Danke erstmal euch beiden,

prinzipiell habe ich ein Excel-File mit einer festen Struktur. Darin sind verschiedene Modelle mit ihren unterschiedlichen Eigenschaften und Möglichkeiten festgehalten. Was ich jetzt in Java machen möchte ist, effektiv in dem excel file zu suchen.
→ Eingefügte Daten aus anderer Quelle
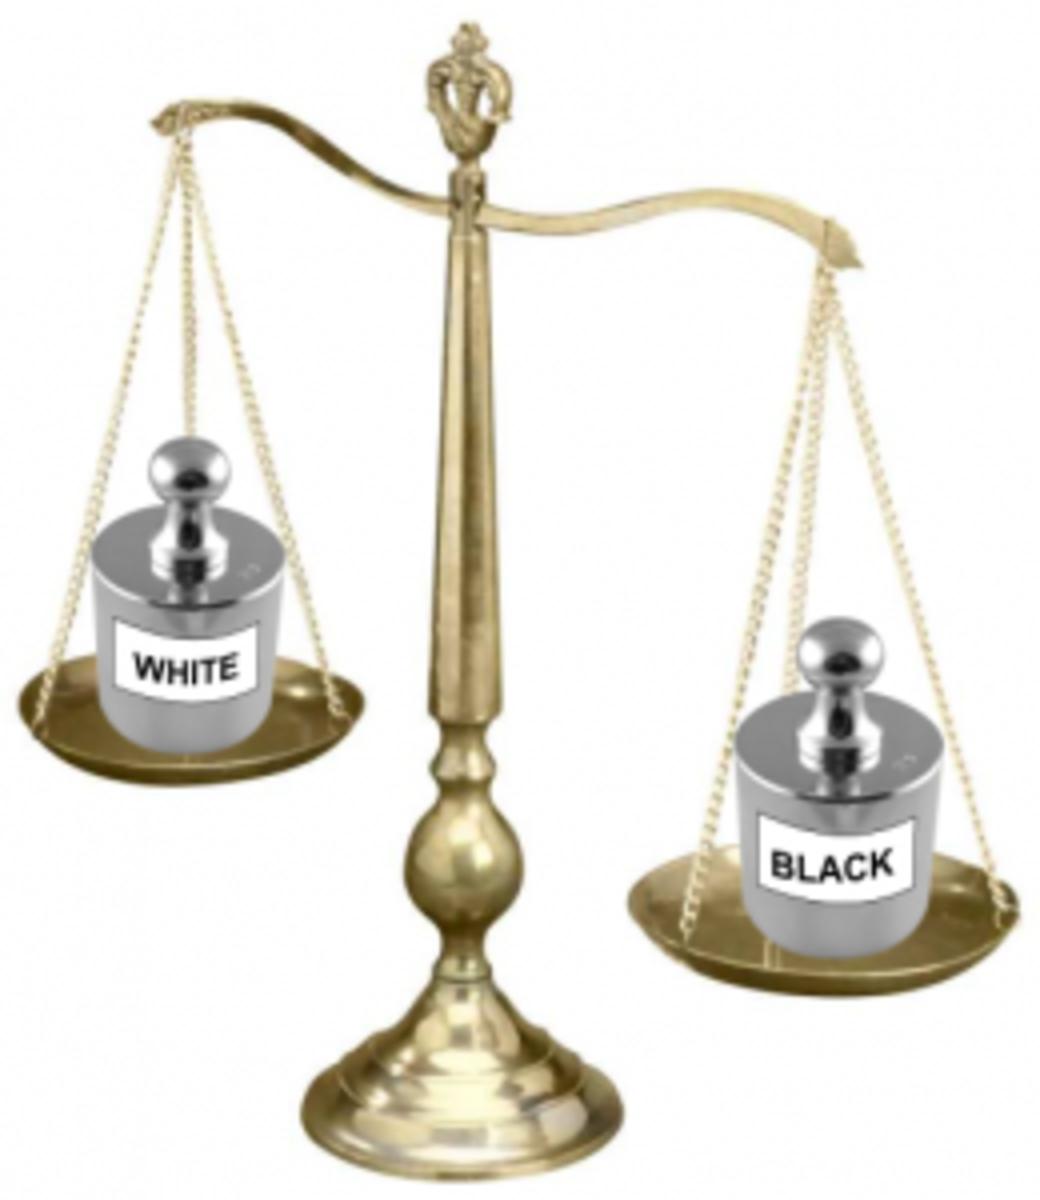 Black white imbalance
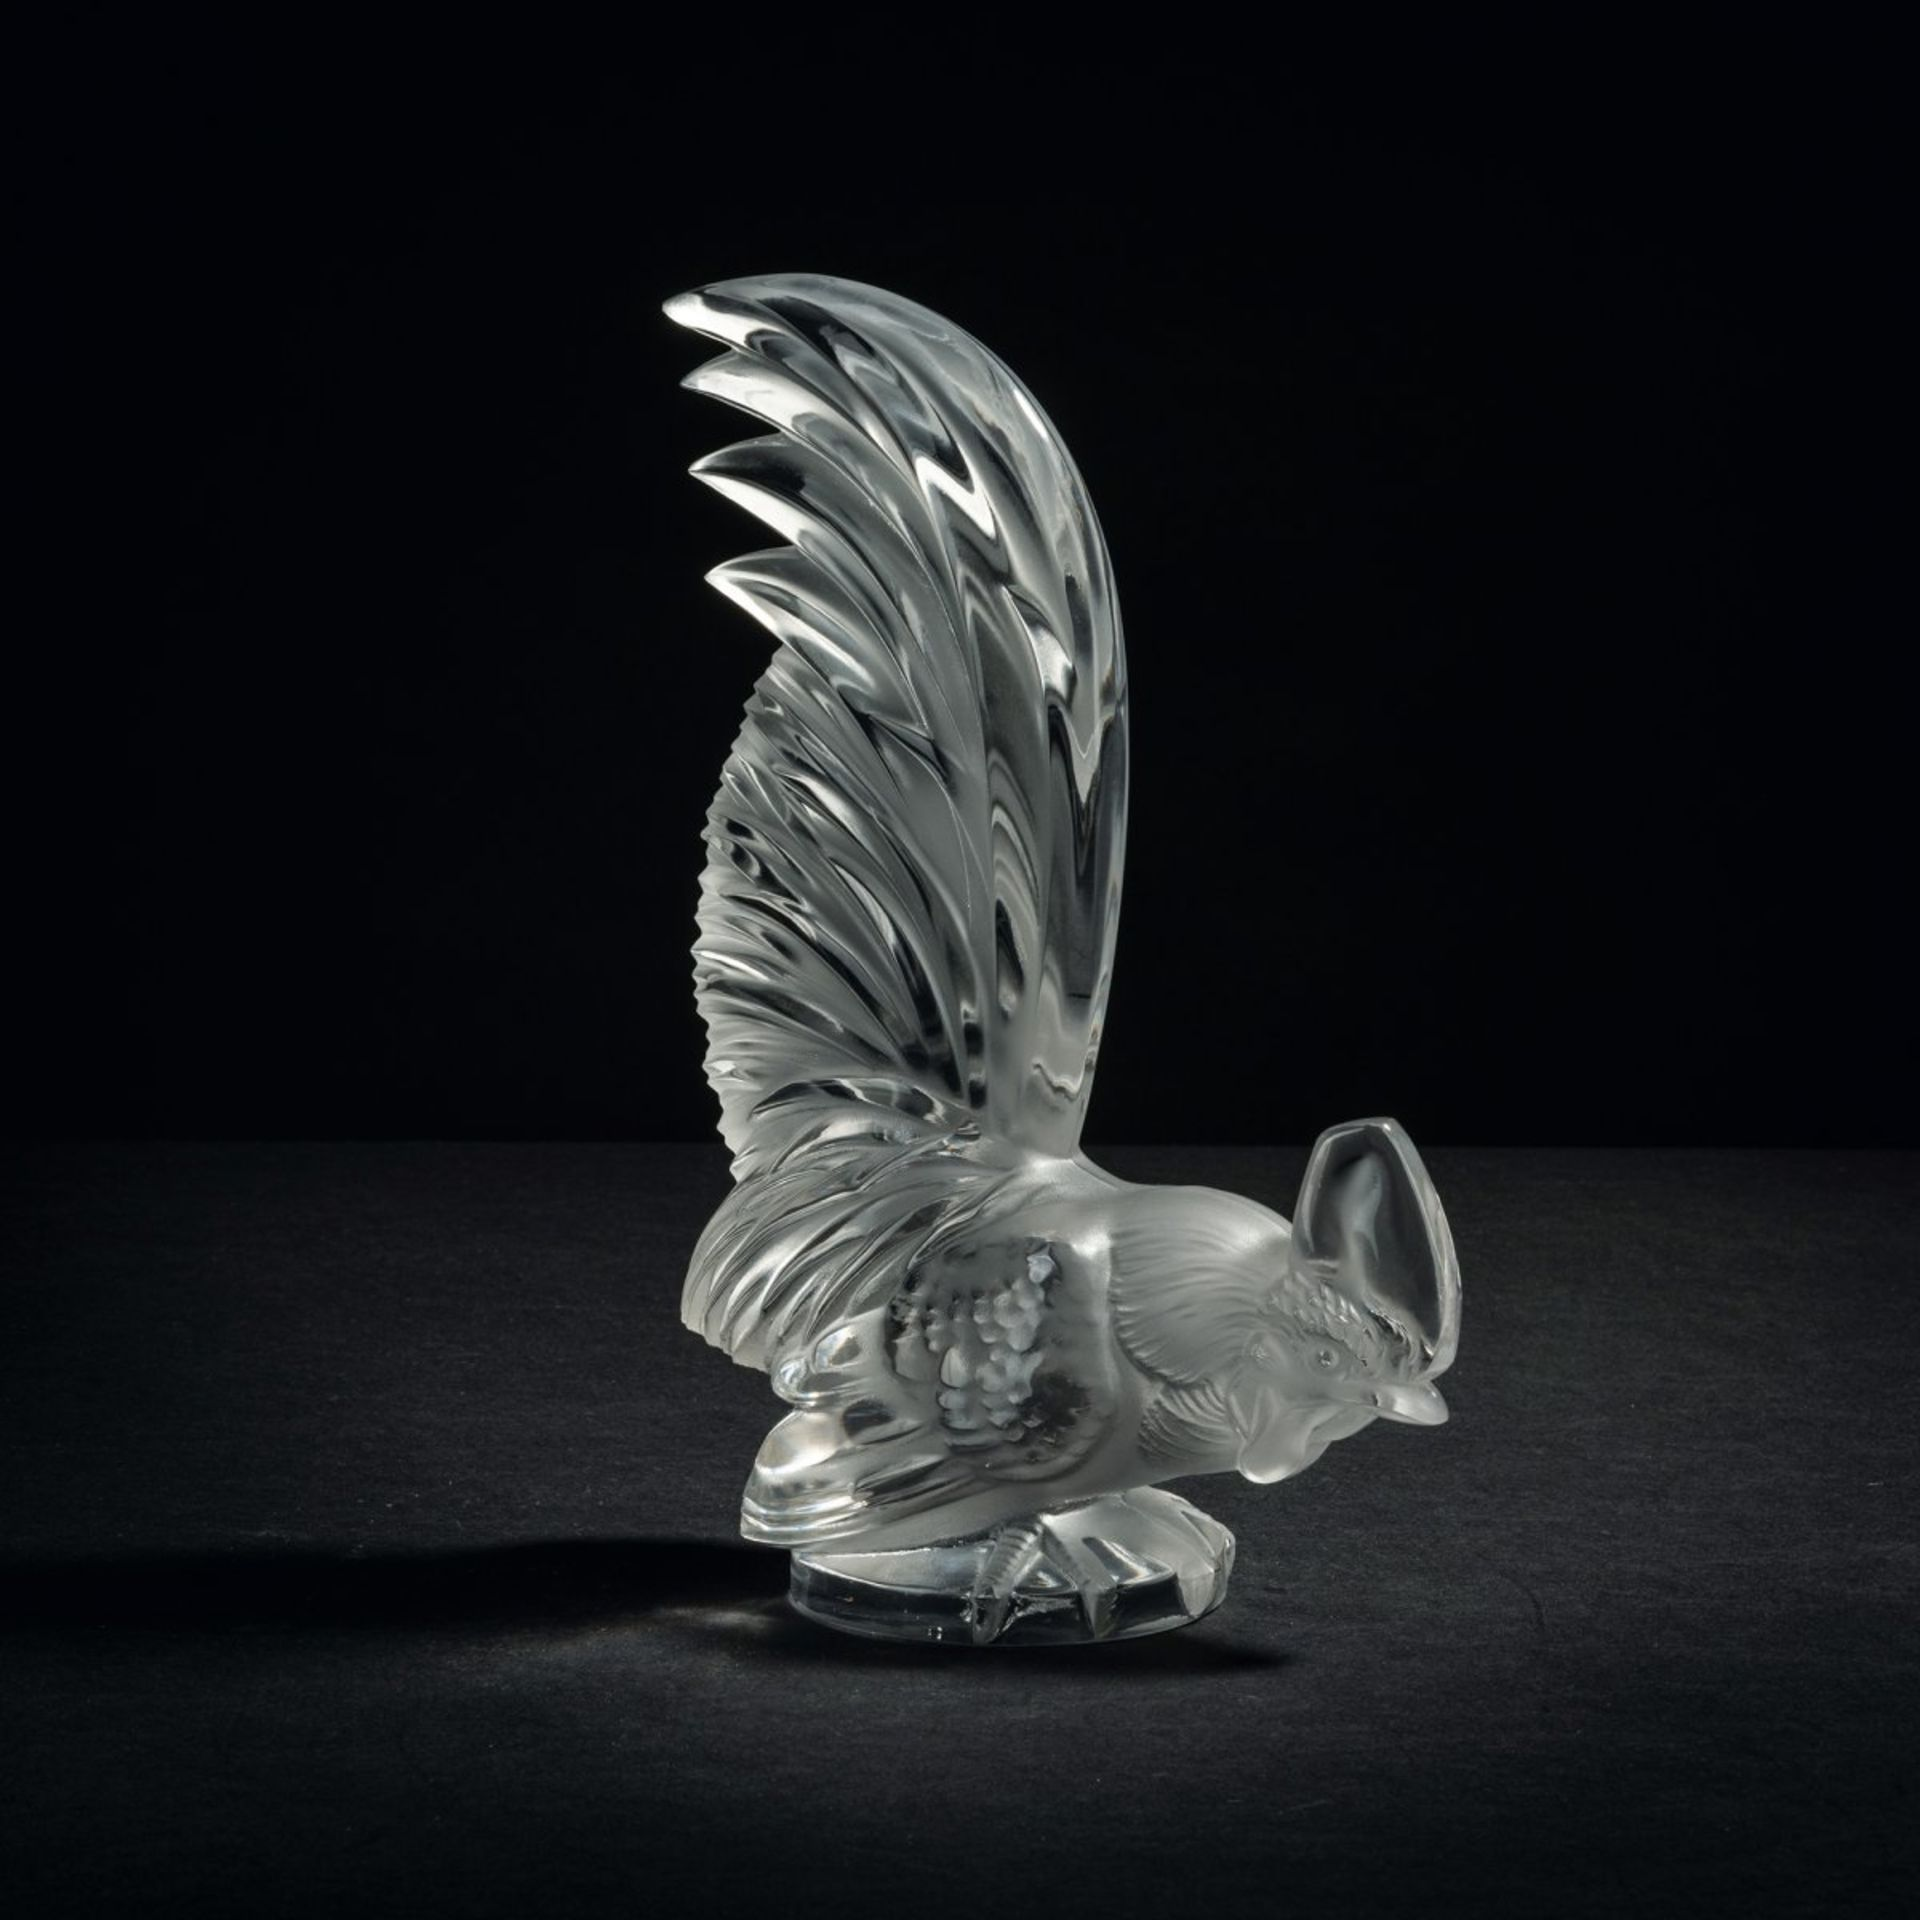 René Lalique, Briefbeschwerer 'Coq nain', 1928

Das heißt ich habe eine Eingabemaske in denen ich meine gewünschten Eigenschaften und Features der Modelle eingebe und will jetzt in der Exceldatei suchen, welche Modelle alle meine Anforderungen erfüllen.

Leider habe ich mit Datenbanken bis jetzt noch garnichts zu tun gehabt, sodass auch jdbc und sql zur Zeit noch böhmische Dörfer für mich sind.


----------



## Gast2 (6. Dez 2010)

Einfach mal bei google nach jdbc tutorials suchen, die gibts wie sand am meer


----------



## MartinDD (6. Dez 2010)

Hallo,

also das Grundgerüst habe ich jetzt glaube ich. Mein Problem ist jetzt noch, wie ich die Daten aus meinem Excel-File in die Datenbank reinbekomme. Ich habe zwar Lösungen gefunden (Read data from Excel worksheet - Real's Java How-to oder jGuru: How can I connect to an Excel spreadsheet file using jdbc?) jedoch kann man doch den Umweg über ODBC auch umgehen oder ? 

Die Exceldatei hole ich mir in meiner read-Methode direkt aus einem FileDialog. Was muss ich denn jetzt noch tun um die Daten in die Datenbank zu bekommen ? Das Tabellenblatt auf das ich zugreifen moechte heißt uebrigens "Uebersicht_Java".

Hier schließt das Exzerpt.